How to Install and prepare vCNS for Deep Security.
There are two products avilable for VMware which leverage Deep Security solution to provide agentless protection into the Guests (VMs).
- VMWare NSX
- VMware vCNS (VMware Cloud and Network Security)
It is prerequisite for Deep Security, if you want an agentless protection in VMware. Deep Security leverage the vShield/NSX API using vShield/NSX Guest Driver in a VM for agentless Protection.
For my environment, I don’t have NSX available. So I will be using the vCNS for Deep Security for Agentless Protection.
Before starting i hope you have red my previous post and checked the release notes and interoperability matrix for vCNS & ESXi supported version.
- Check release notes for vCNS supported Versions
- Requirement for ESXi
In addition to the ESXi standard system requirements, the following specifications must be met:
- CPU: 64-bit, Intel-VT or AMD-V present and enabled in BIOS
- supported vSwitches:
- NSX: vSphere Distributed Switch (vDS)
- vShield: vSphere Standard Switch (vSS) or third party vSwitch (Cisco Nexus 1000v)
NOTE: Your VMware vCenter must be either an NSX Environment or a vShield Environment, not a mixture of the two. If you want to use both NSX and vShield, they must be in separate vCenters.
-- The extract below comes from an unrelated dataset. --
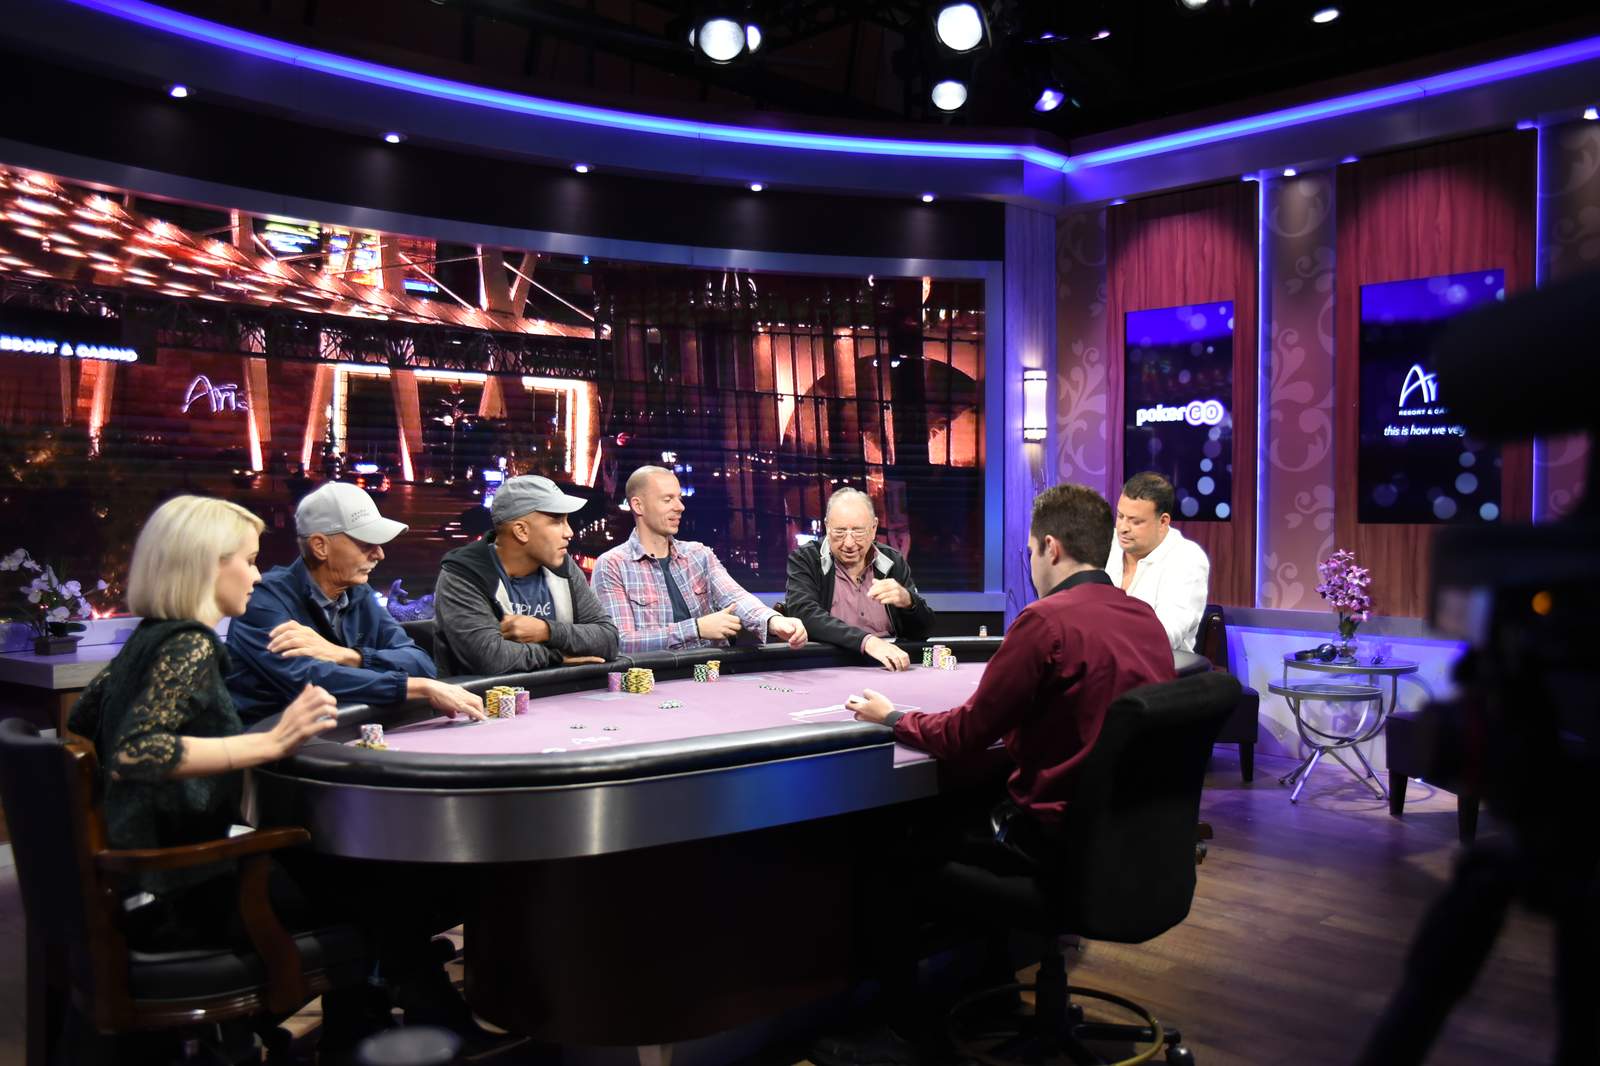 Relive "Games of our Lives" on PokerGO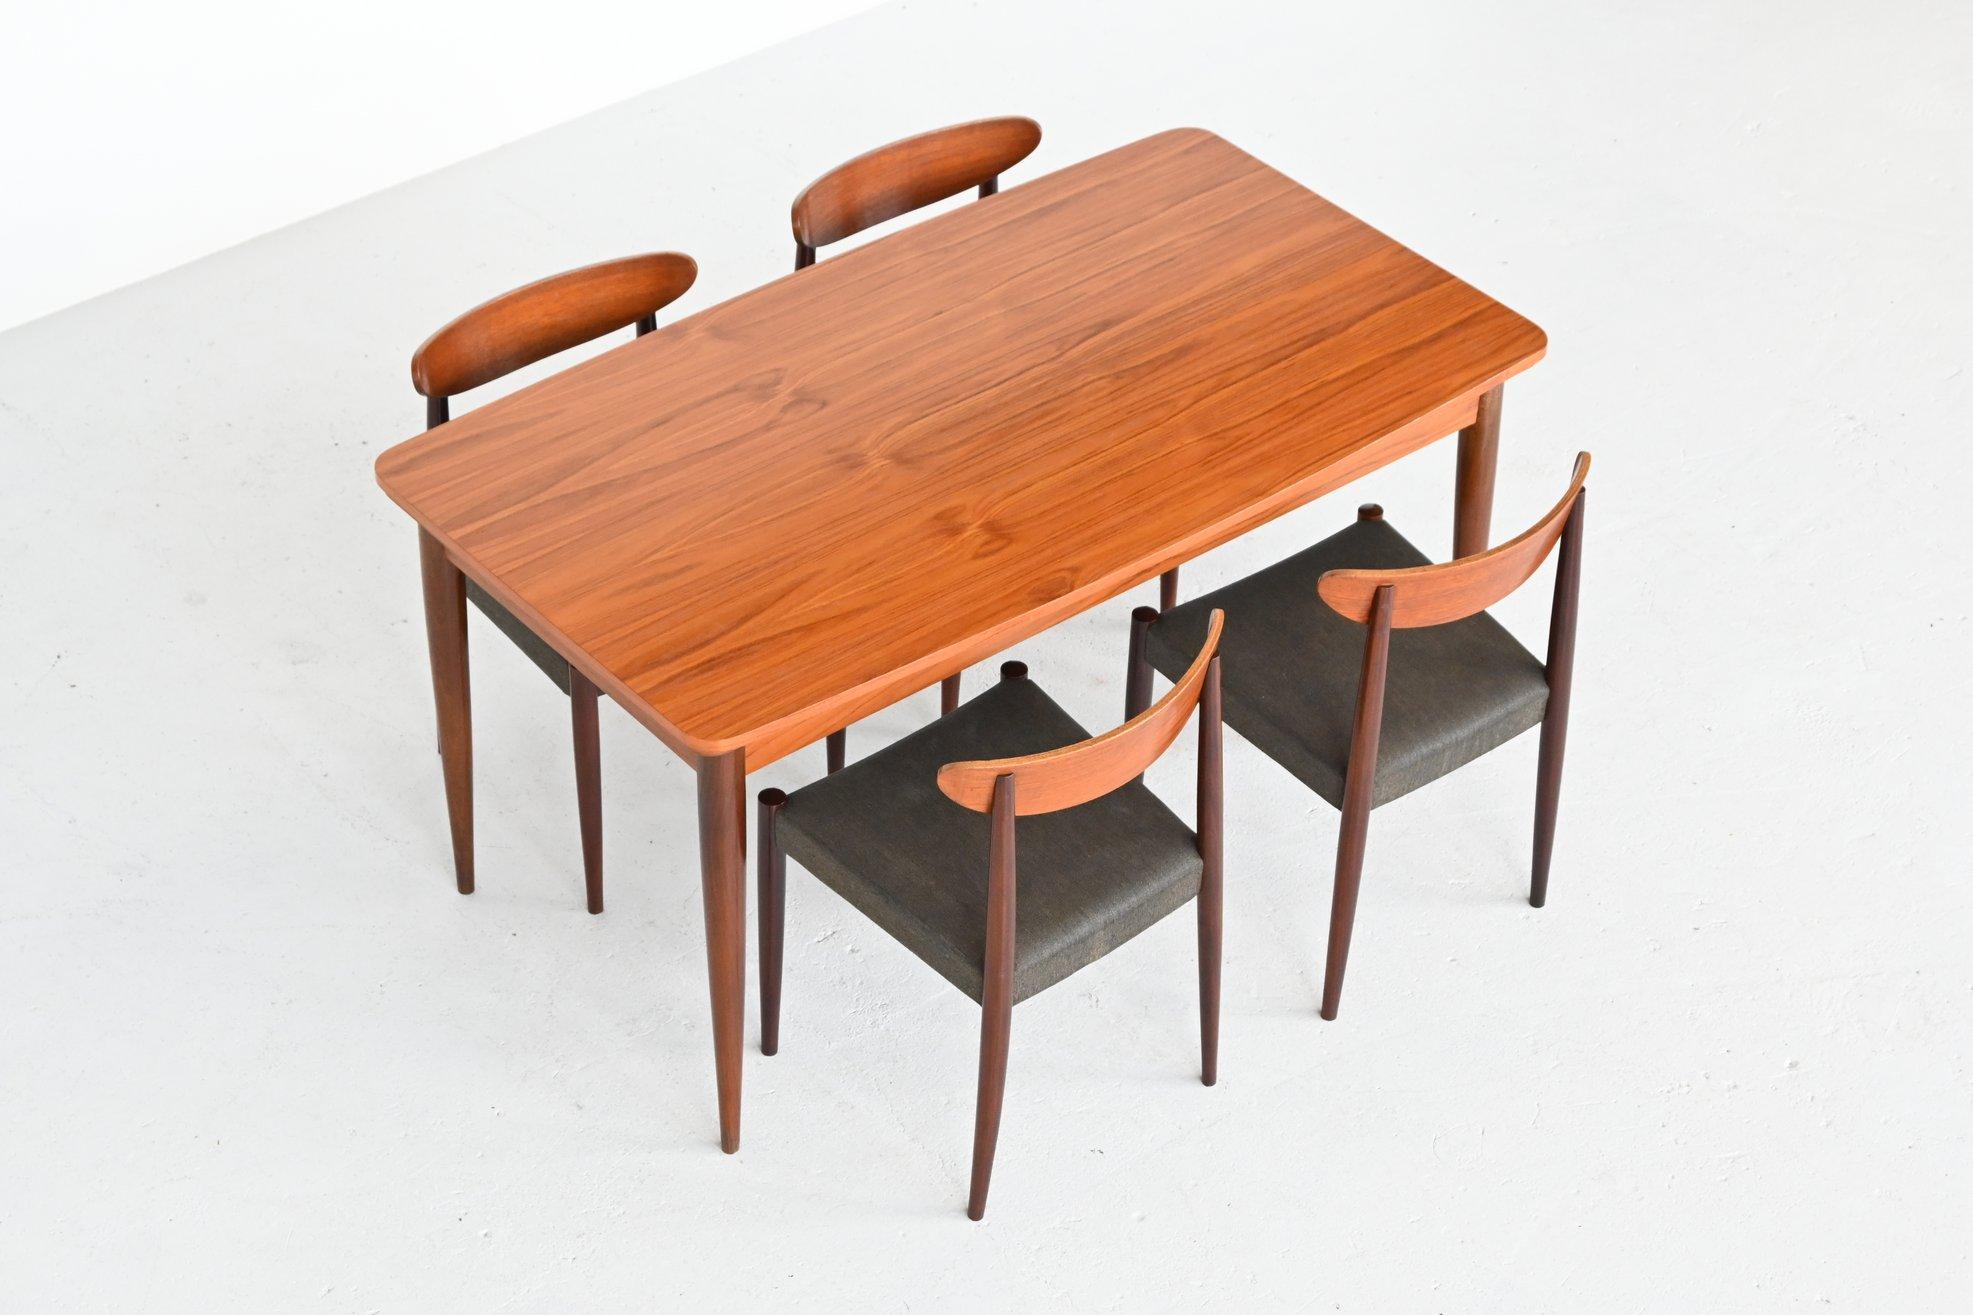 Very nice dining table designed by Oswald Vermaercke and manufactured by V Form, Belgium 1960. This table has solid teak wooden legs and a veneered top. It has a beautiful warm grain to the wood. The table can be easily extended from 150 cm to 270

You can add more than one vCenter to Deep Security Manager.
I will be using VMWare ESXi and vCenter 6 U1 with vCNS 5.5.4 build 3601672
Deploy the vCNS OVF
Deployment of OVF in VMware is very easy process. so i will not be showing you here. but if you need to know, go to following article to see how to deploy and configure vCNS.
Configure vCNS to integrate with vCenter.
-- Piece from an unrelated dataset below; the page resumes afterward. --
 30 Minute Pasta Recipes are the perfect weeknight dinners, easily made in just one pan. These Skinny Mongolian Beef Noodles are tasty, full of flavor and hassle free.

Once deployed access the vCNS with URL https://vSMip for configuration.
Once logged in -> Go to “Configuration” tab and integrate the vCenter as highlighted below.
By default there is no end point driver installed in your ESXi. You can see it by going into your ESXi Cluster summary as shown below.
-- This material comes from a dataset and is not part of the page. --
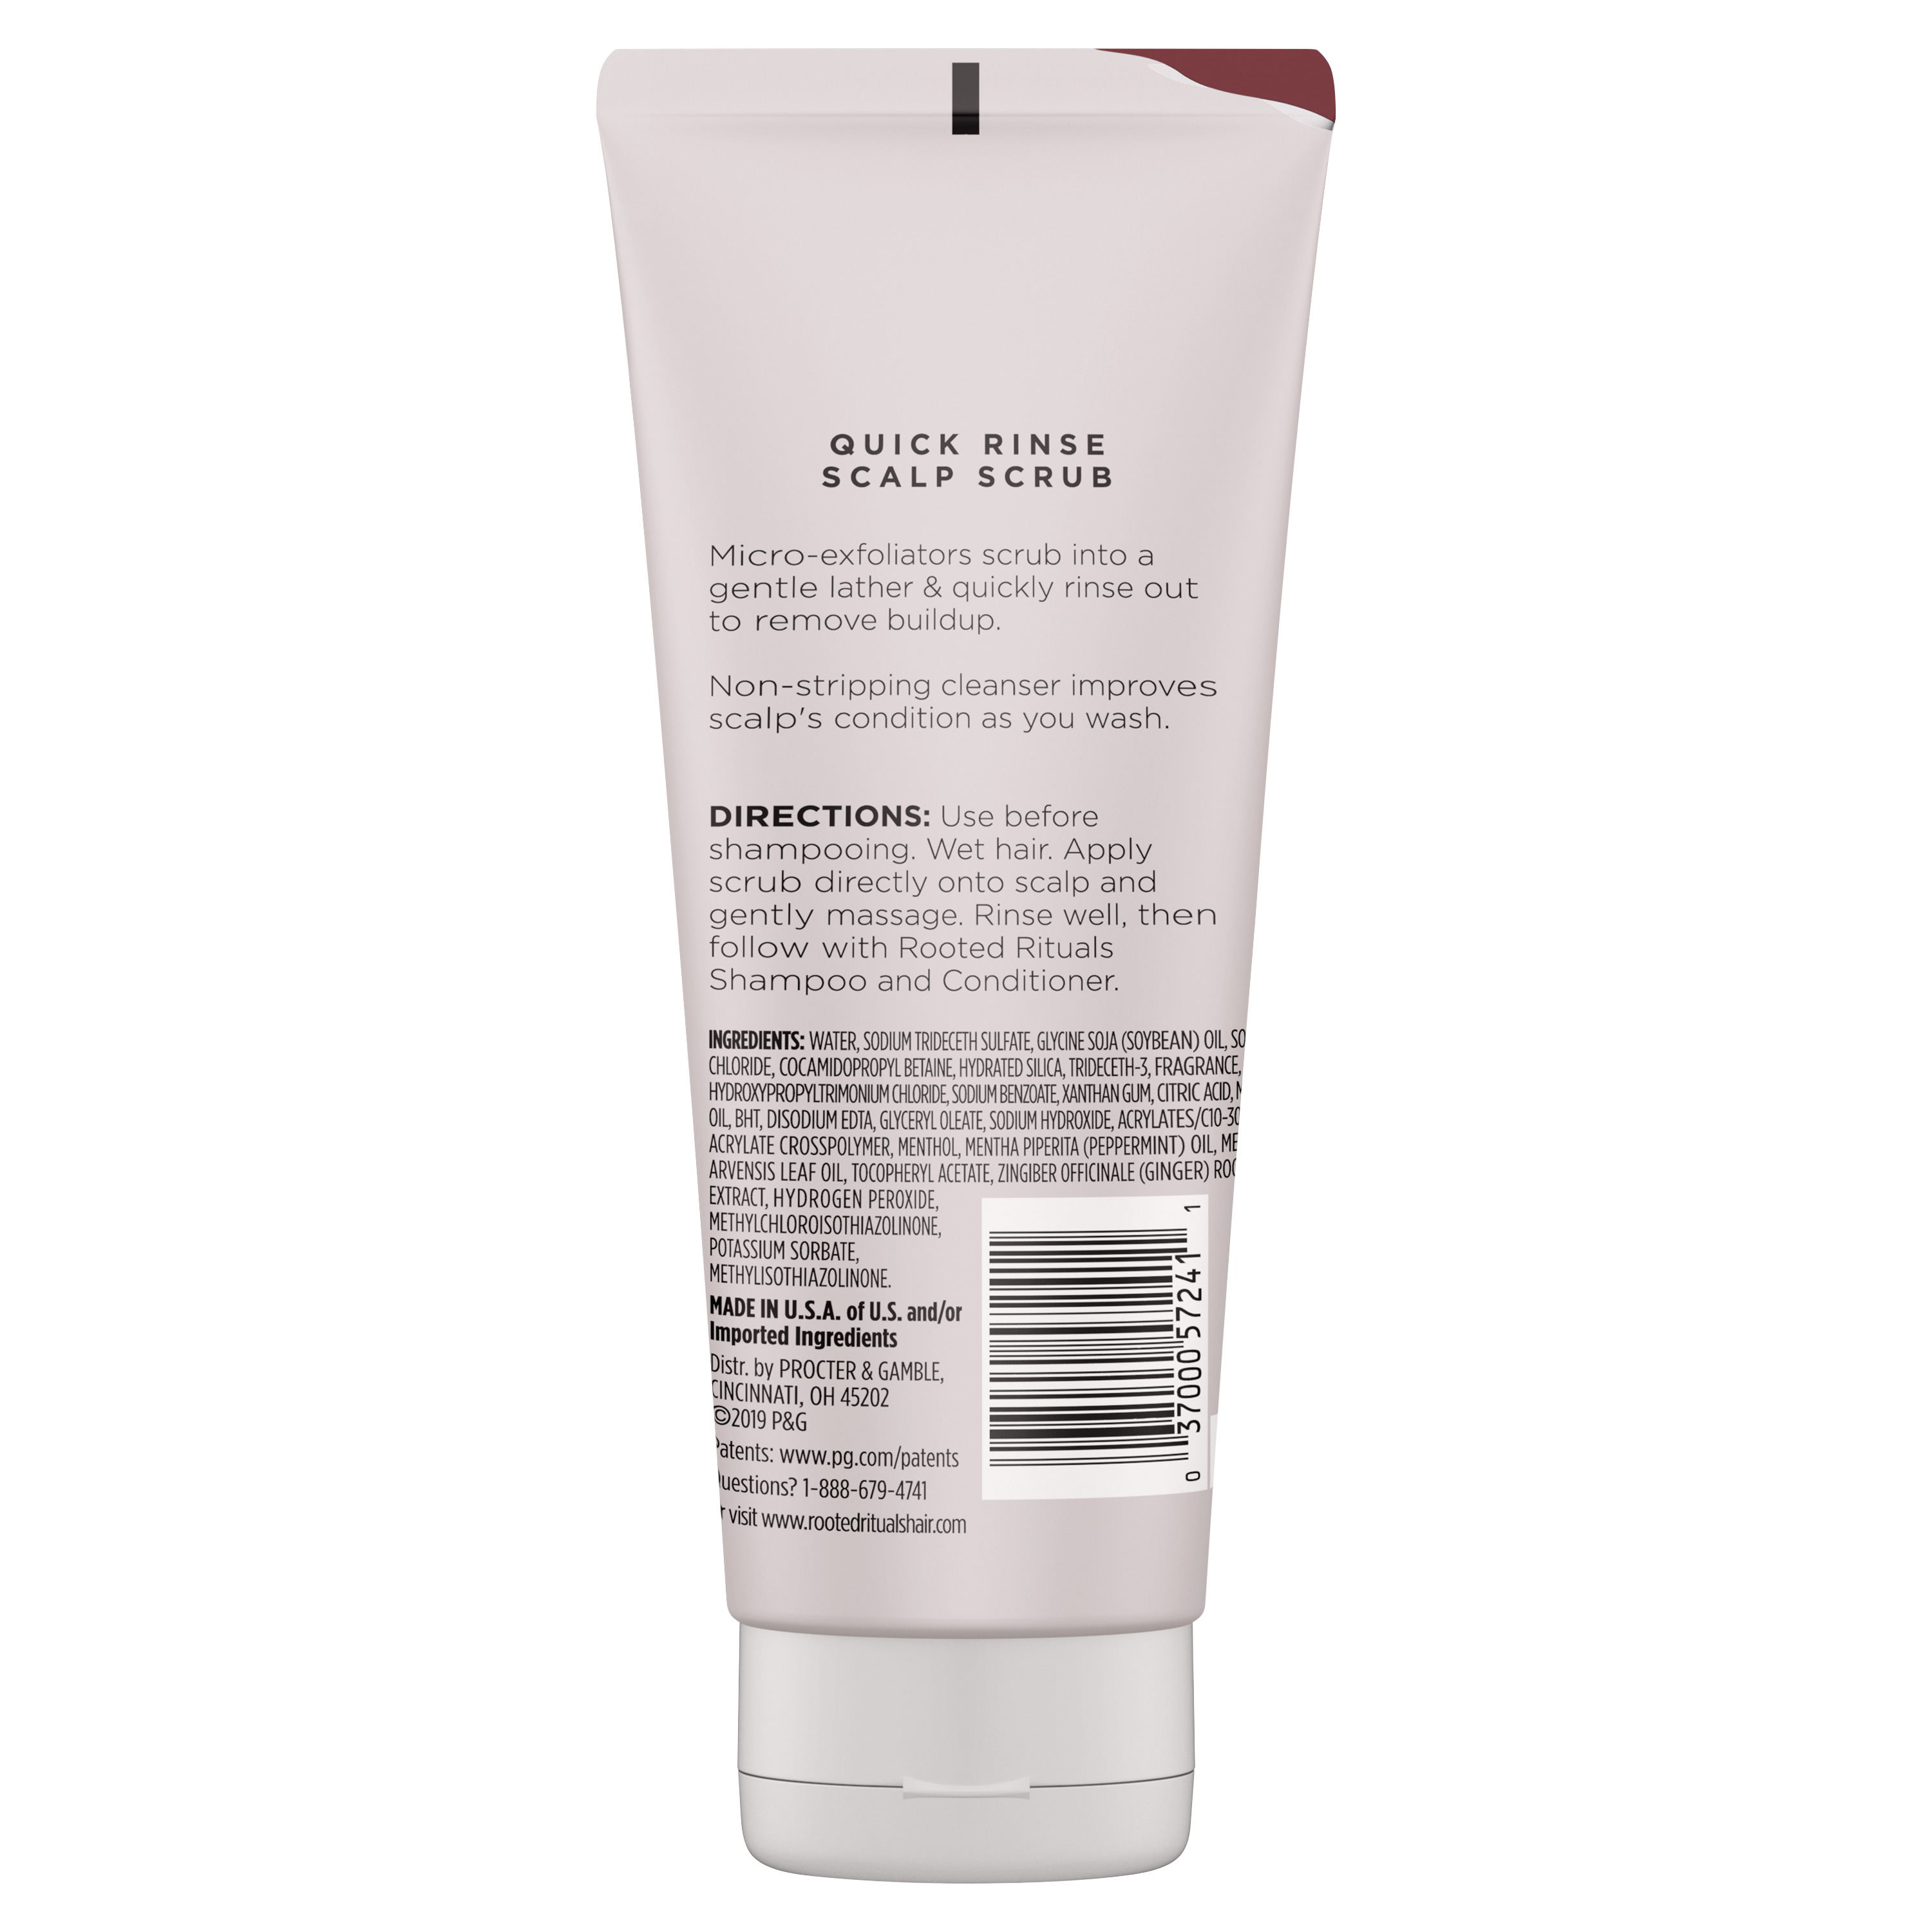 Rooted Rituals Ginger Root and Mint Quick-Rinse Scalp Scrub, 6.7 fl oz - image 3 of 9

Install vShiled Endpoint driver on ESXi Server/Servers.
To install vShield driver into ESXi. You have to go to each ESXi hosts. Click and Go to summary Tab. Click “Install”
Once vShield End point installed. It will look like this.
Use the same method to install vShield drivers on other ESXi hosts as well. This is final snapshot of the environment.
Now everything is prepared from vCNS End. our next step is to install vShield Endpoint Drivers on each guest (VM) under the preapred ESXi hosts to provide agent less protection.